Les parties ont été régulièrement averties du jour de l'audience.
Ont été entendus au cours de l'audience publique :
- le rapport de Mme Thalabard,
- les conclusions de M. Blanchard, rapporteur public,
- et les observations de Me Delalande, représentant Mme A et l'association pour la Protection et la Promotion de la Côte des Légendes et de Me Voisin, représentant la communauté de communes du Pays d'Iroise.
Considérant ce qui suit :
1. La communauté de communes du Pays d'Iroise a entrepris de procéder à la restructuration de la station de traitement des eaux usées située à Saint-Dénec, sur le territoire de la commune de Porspoder (Finistère). La maîtrise d'œuvre de cette opération a été confiée au cabinet Bourgeois et le lot n° 1 de ce marché public de travaux, relatif aux réseaux, a été attribué à l'entreprise Liziard. Opposées aux modifications que ce projet de réhabilitation prévoit,
Mme A et l'association pour la Protection et la Promotion de la Côte des Légendes (APPCL) demandent l'annulation de l'ordre de service du 1er février 2021 par lequel le maître d'œuvre a pris acte de l'arrêt des travaux au 29 janvier 2021 avec une reprise de ces travaux au 15 mars 2021 ainsi que de la décision par laquelle le président de la communauté de communes du Pays d'Iroise a décidé d'entreprendre de tels travaux.
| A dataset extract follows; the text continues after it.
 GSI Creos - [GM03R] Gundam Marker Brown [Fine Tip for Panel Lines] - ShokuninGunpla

Sur la recevabilité des conclusions à fin d'annulation :
2. Indépendamment des actions dont disposent les parties à un contrat administratif et des actions ouvertes devant le juge de l'excès de pouvoir contre les clauses réglementaires d'un contrat ou devant le juge du référé contractuel sur le fondement des articles L. 551-13 et suivants du code de justice administrative, tout tiers à un contrat administratif susceptible d'être lésé dans ses intérêts de façon suffisamment directe et certaine par sa passation ou ses clauses est recevable à former devant le juge du contrat un recours de pleine juridiction contestant la validité du contrat ou de certaines de ses clauses non réglementaires qui en sont divisibles. La légalité du choix du cocontractant, de la délibération autorisant la conclusion du contrat et de la décision de le signer ne peut être contestée qu'à l'occasion du recours ainsi défini. Toutefois, dans le cadre du contrôle de légalité, le représentant de l'Etat dans le département est recevable à contester la légalité de ces actes devant le juge de l'excès de pouvoir jusqu'à la conclusion du contrat, date à laquelle les recours déjà engagés et non encore jugés perdent leur objet.
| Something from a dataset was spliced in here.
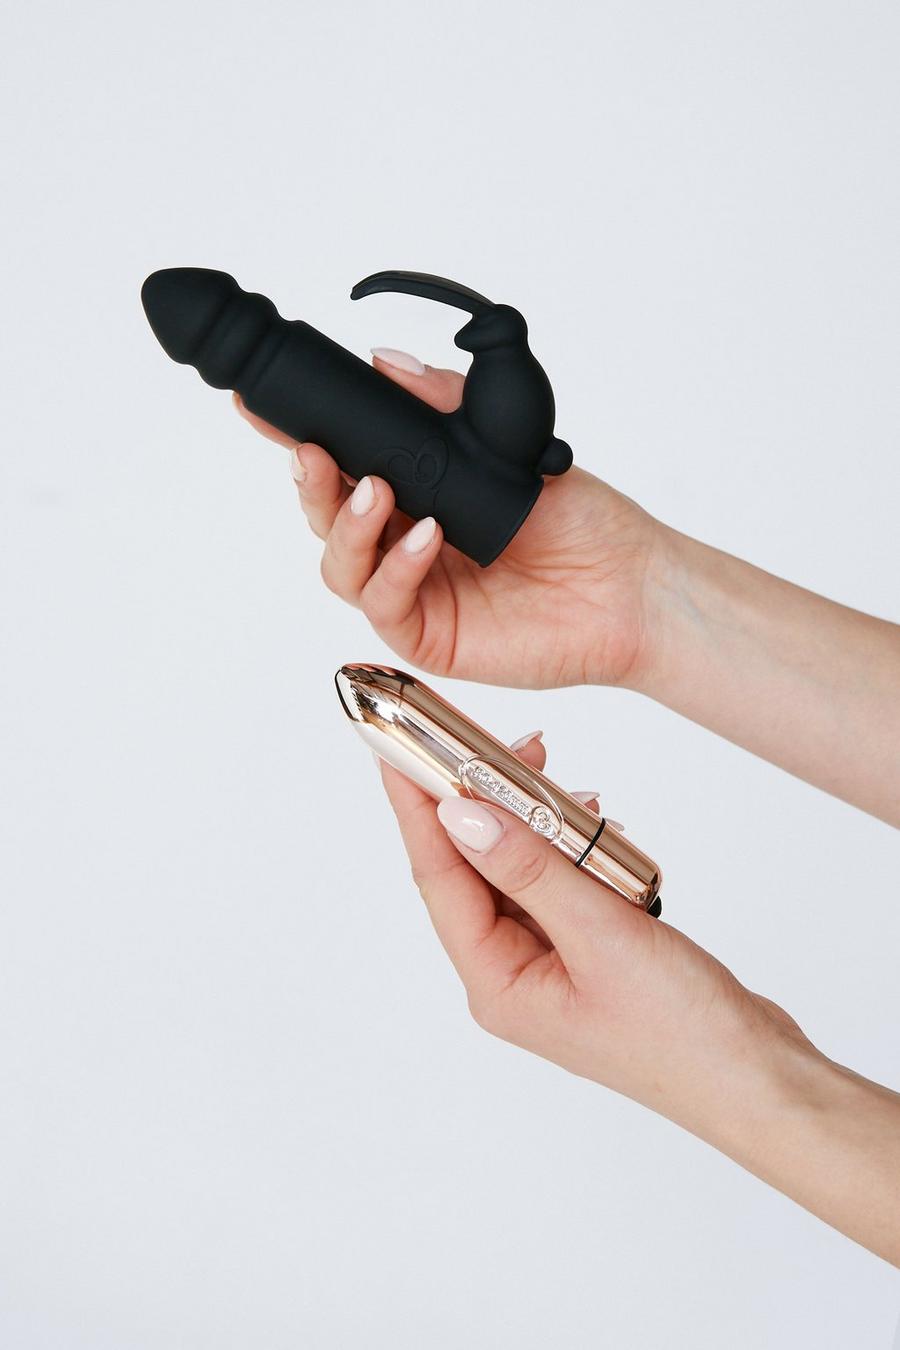 1 Speed Mini Rabbit Bullet Vibrator Sex Toy

3. Il en résulte que l'existence d'un recours contre le contrat, ouvert notamment à tout tiers au contrat susceptible d'être lésé dans ses intérêts de façon suffisamment directe et certaine mais également aux représentants de l'organe délibérant de la collectivité territoriale concernée, rend irrecevables les recours déposés contre la délibération approuvant l'attribution du contrat à un candidat et autorisant le président de l'établissement public de coopération intercommunale (EPCI) à le signer, alors même que la légalité de cette délibération peut être contestée à l'occasion du recours en contestation de validité du contrat. Par suite, les conclusions présentées par Mme A et l'association pour la Protection et la Promotion de la Côte des Légendes, en ce qu'elles tendent à l'annulation de la décision par laquelle le président de la communauté de communes du Pays d'Iroise a décidé de signer le marché public de travaux permettant la réhabilitation de la station de traitement des eaux usées de Porspoder, sans être, au surplus, assorties du contrat qui a été effectivement signé par l'EPCI, sont irrecevables et doivent être rejetées.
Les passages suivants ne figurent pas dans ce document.